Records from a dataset
################

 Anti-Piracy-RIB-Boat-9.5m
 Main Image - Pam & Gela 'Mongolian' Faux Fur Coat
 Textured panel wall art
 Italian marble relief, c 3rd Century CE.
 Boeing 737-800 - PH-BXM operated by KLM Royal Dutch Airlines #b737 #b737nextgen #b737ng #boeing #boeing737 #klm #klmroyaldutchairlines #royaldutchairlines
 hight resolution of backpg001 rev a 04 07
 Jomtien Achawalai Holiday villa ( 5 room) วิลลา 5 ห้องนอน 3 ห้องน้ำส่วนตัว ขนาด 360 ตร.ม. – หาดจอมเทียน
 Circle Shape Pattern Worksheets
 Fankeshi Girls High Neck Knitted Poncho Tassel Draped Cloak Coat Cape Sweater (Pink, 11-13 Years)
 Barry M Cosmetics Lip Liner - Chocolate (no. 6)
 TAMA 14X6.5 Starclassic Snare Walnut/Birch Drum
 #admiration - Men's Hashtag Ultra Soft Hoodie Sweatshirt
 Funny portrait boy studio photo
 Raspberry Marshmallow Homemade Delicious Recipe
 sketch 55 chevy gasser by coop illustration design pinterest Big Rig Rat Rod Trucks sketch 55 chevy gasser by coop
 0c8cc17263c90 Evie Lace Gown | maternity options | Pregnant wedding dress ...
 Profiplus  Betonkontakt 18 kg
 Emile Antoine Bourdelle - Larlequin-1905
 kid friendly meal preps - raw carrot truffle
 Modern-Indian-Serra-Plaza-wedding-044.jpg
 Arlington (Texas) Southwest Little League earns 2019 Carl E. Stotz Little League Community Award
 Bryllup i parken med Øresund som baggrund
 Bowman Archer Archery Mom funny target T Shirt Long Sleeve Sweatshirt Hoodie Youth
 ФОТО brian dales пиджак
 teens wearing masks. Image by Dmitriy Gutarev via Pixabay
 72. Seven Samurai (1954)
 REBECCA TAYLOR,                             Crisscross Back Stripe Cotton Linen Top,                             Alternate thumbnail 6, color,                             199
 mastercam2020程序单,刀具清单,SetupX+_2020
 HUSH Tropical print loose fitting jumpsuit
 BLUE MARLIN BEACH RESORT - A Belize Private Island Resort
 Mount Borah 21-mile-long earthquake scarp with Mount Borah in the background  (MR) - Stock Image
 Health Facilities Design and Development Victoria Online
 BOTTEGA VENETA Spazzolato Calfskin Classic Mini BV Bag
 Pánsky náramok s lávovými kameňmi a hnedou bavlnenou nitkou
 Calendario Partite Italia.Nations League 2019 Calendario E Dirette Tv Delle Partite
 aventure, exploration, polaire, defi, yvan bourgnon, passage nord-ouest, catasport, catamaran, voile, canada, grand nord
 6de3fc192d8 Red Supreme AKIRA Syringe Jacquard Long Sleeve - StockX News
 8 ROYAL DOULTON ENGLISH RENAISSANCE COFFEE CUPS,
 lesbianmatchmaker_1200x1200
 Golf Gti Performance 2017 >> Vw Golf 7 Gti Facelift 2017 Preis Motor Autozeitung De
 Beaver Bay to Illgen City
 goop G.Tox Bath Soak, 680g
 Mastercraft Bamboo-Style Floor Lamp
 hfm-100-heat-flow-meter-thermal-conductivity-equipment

################

• [Required action]:
Reproduce only the lines above, starting at the line with "ФОТО brian dales пиджак" and ending at the line with "BLUE MARLIN BEACH", exactly as written.

• [Answer to the exercise]:
 ФОТО brian dales пиджак
 teens wearing masks. Image by Dmitriy Gutarev via Pixabay
 72. Seven Samurai (1954)
 REBECCA TAYLOR,                             Crisscross Back Stripe Cotton Linen Top,                             Alternate thumbnail 6, color,                             199
 mastercam2020程序单,刀具清单,SetupX+_2020
 HUSH Tropical print loose fitting jumpsuit
 BLUE MARLIN BEACH RESORT - A Belize Private Island Resort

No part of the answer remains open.